• Supplied data:
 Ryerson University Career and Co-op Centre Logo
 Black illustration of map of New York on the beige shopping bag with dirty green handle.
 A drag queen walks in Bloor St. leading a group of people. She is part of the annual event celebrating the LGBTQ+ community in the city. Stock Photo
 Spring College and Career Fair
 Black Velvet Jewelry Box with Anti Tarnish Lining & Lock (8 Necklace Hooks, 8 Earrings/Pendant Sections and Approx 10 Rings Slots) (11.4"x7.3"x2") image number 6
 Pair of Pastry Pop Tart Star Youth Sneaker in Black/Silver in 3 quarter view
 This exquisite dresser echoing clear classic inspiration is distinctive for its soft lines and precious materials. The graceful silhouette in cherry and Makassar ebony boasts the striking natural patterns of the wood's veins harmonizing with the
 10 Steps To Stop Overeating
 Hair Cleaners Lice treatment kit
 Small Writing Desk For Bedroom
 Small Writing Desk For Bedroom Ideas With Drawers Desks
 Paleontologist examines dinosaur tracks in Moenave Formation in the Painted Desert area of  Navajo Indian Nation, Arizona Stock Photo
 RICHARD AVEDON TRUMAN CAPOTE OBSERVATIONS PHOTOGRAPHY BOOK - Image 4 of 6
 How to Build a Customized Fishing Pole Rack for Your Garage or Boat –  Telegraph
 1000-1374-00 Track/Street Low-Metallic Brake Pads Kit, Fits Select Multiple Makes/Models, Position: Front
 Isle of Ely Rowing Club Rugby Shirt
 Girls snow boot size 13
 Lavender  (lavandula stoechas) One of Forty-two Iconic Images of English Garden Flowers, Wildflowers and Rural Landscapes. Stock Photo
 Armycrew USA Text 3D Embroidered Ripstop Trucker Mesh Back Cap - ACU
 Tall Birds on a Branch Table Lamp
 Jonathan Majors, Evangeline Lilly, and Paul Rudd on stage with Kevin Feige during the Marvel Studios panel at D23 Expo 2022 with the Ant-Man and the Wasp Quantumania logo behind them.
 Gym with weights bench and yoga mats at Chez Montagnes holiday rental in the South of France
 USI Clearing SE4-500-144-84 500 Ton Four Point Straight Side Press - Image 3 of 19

• Brief:
Quote, with nothing altered, all lines from the start of the entries to the line that carries "Jonathan Majors, Evangeline", inclusive.

• Output of the exercise:
 Ryerson University Career and Co-op Centre Logo
 Black illustration of map of New York on the beige shopping bag with dirty green handle.
 A drag queen walks in Bloor St. leading a group of people. She is part of the annual event celebrating the LGBTQ+ community in the city. Stock Photo
 Spring College and Career Fair
 Black Velvet Jewelry Box with Anti Tarnish Lining & Lock (8 Necklace Hooks, 8 Earrings/Pendant Sections and Approx 10 Rings Slots) (11.4"x7.3"x2") image number 6
 Pair of Pastry Pop Tart Star Youth Sneaker in Black/Silver in 3 quarter view
 This exquisite dresser echoing clear classic inspiration is distinctive for its soft lines and precious materials. The graceful silhouette in cherry and Makassar ebony boasts the striking natural patterns of the wood's veins harmonizing with the
 10 Steps To Stop Overeating
 Hair Cleaners Lice treatment kit
 Small Writing Desk For Bedroom
 Small Writing Desk For Bedroom Ideas With Drawers Desks
 Paleontologist examines dinosaur tracks in Moenave Formation in the Painted Desert area of  Navajo Indian Nation, Arizona Stock Photo
 RICHARD AVEDON TRUMAN CAPOTE OBSERVATIONS PHOTOGRAPHY BOOK - Image 4 of 6
 How to Build a Customized Fishing Pole Rack for Your Garage or Boat –  Telegraph
 1000-1374-00 Track/Street Low-Metallic Brake Pads Kit, Fits Select Multiple Makes/Models, Position: Front
 Isle of Ely Rowing Club Rugby Shirt
 Girls snow boot size 13
 Lavender  (lavandula stoechas) One of Forty-two Iconic Images of English Garden Flowers, Wildflowers and Rural Landscapes. Stock Photo
 Armycrew USA Text 3D Embroidered Ripstop Trucker Mesh Back Cap - ACU
 Tall Birds on a Branch Table Lamp
 Jonathan Majors, Evangeline Lilly, and Paul Rudd on stage with Kevin Feige during the Marvel Studios panel at D23 Expo 2022 with the Ant-Man and the Wasp Quantumania logo behind them.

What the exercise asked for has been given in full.